PS. Regarding anti-patterns, others that come to mind are “flooding” and senseless messages.

  • I call it flooding when I see multiple similar messages coming from a loop with many iterations. To me, flooding is annoying enough to try to get rid of it when I detect it in source code. Usually improving it requires some art – because, well, things that happen within the loop may be interesting. When I don’t have time to improve it deeper, I try to at least change logging level of such messages to lowest one to make it easier to filter out.

  • Senseless messages seem to be pretty popular garbage. These look harmless when read in source code – I guess one has to go through the pain of analyzing debug output looking like…

    step #1
    step #2
    step #3
    

    …to deeply appreciate their inherent ugliness. My favorite heuristics to detect this kind of problems at source code level (proposed by colleague in one of my past projects) is to calculate number of space symbol occurrences in string literals used in logging. In my experience, zero spaces basically guarantees the logging statement is senseless, one space is also a good indicator of the potential issue.

9

Log the exception only once!

One of the common pain points that I have noticed is logging and rethrowing an exception.
As a result, the log files contains the same exceptions several times on several stack levels.

Here’s an anti-pattern: Making two dozen “genericvariable” fields in a database table to track anything conceivable and then having 88 (and counting) different enum values for different types of logs.

2

My experience with logs is the bigger the better, but be consistent enough to make it filterable by machine, and be able to configure a severity level for every component of your application individually.

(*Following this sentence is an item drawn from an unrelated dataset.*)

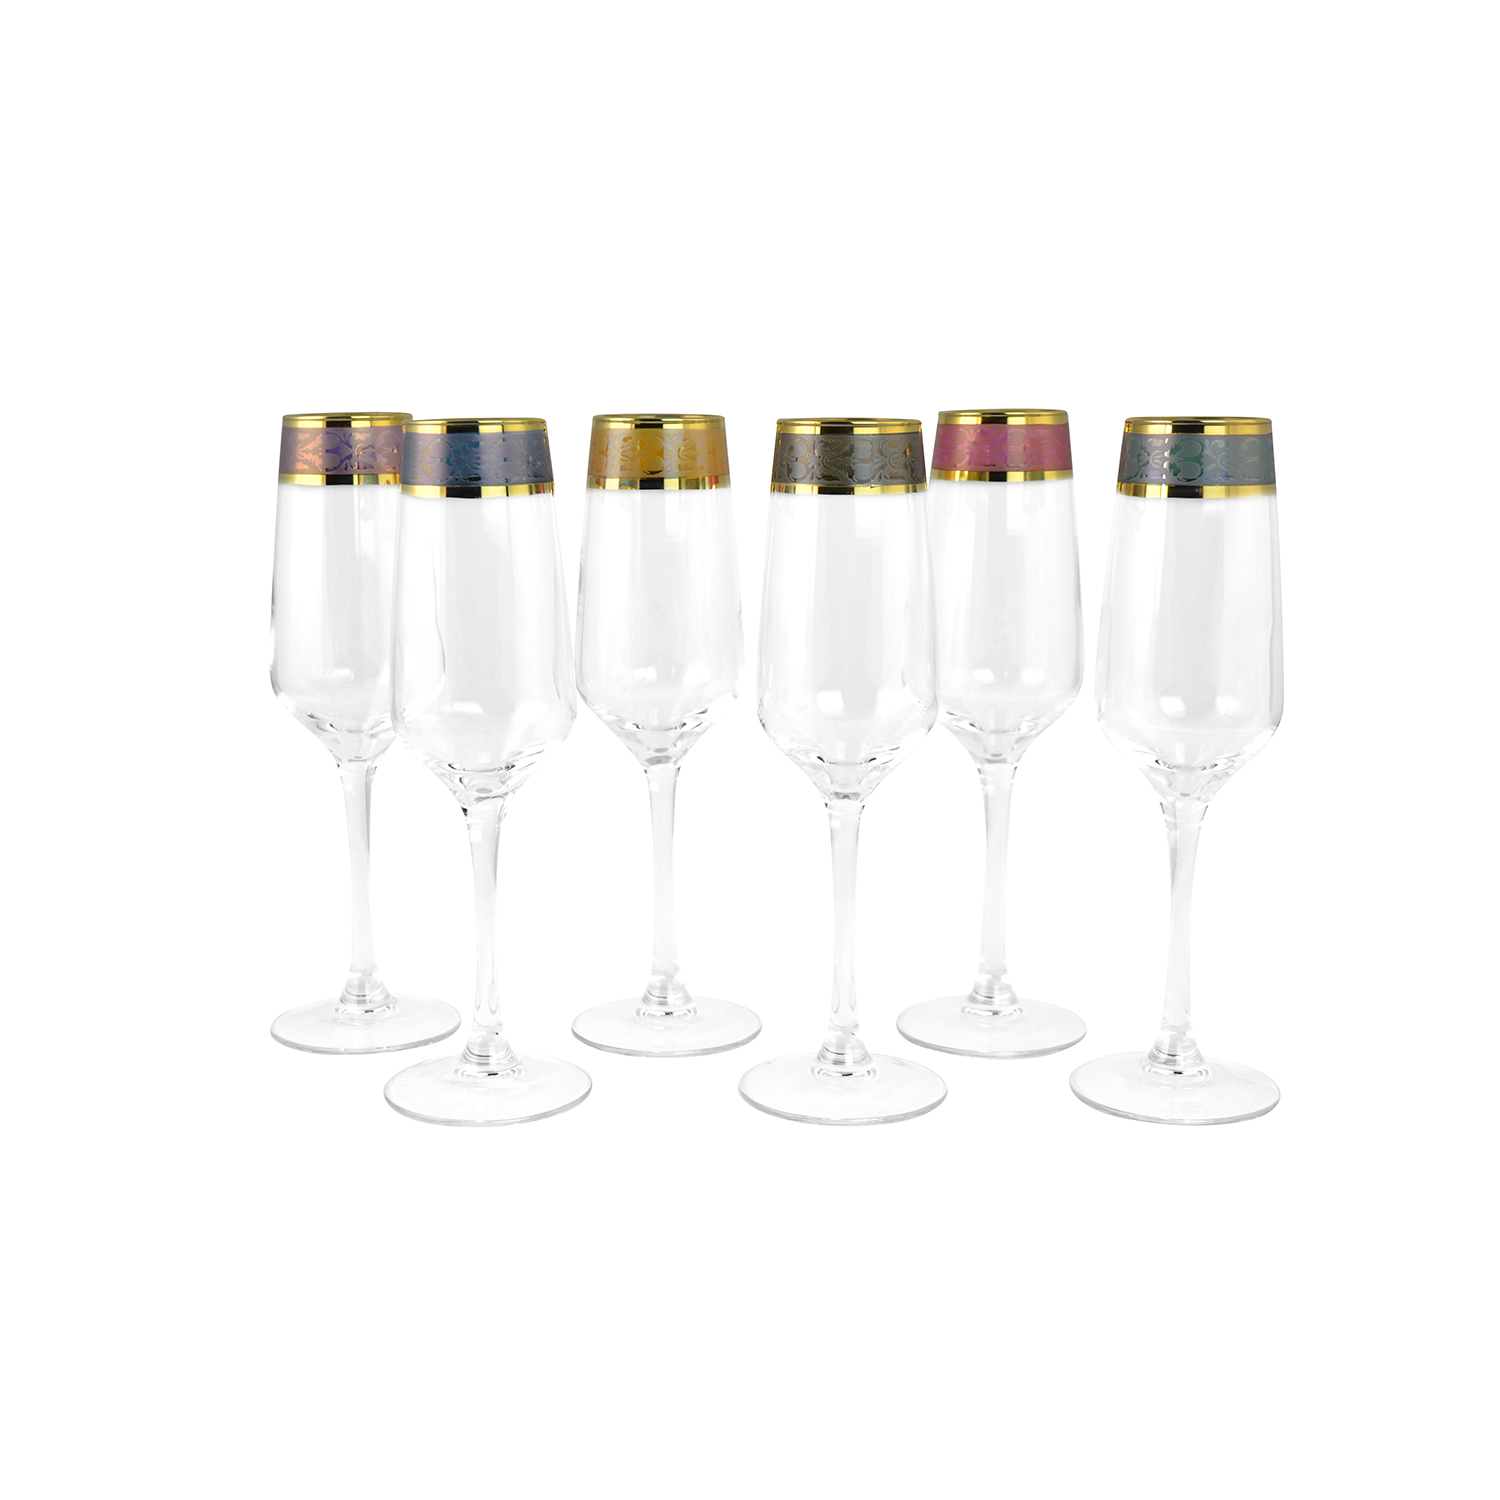 6PC SET OF 8.5" FLUTE GLASS W/ GOLD & 6 COLORS

Also, it’s very difficult to predict what logging you will need to find a future bug. Most of the obvious places to log for bugs are fixed before the product goes out the door. It’s not uncommon for the result of a bug report to be that you just added logging to help diagnose it if it happens again.

Couple of notes from the operations side of the house here:

1) Make sure the logs are locally configurable, preferably with a tool no heavier than a text editor. Most of the time we don’t want to get TRACE level logging, but we love to be able to turn it on.

2) If at all possible, make sure the logs can be read with a tool no heavier than a text editor. Nothing is worse than having to go on a tool hunt at an odd hour when the production system is failing.

From my own experience working with web-applications:

(& considering storage is very cheap now-days)

  • Log as much available (at that very moment) info as you can.
  • I always include DateTime.Now in my log-strings.
  • I always (if it’s possible) log time-duration of some specific “action”.
  • Be consistent with your log-strings. Since always I use this kind of pattern:

    • “[Info X] [Info Y] [Info Z] [etc.]”

Apart from the stacktrace, log the current application state and the input.

Software is deterministic, these two are usually the only thing you need to reproduce the bug. Storing the full state might in some cases be troublesome so ways to reproduce the current state, by for example previous inputs, are also good.

Of course more data is always better but at minimum these two are a good start for the easiest crashes.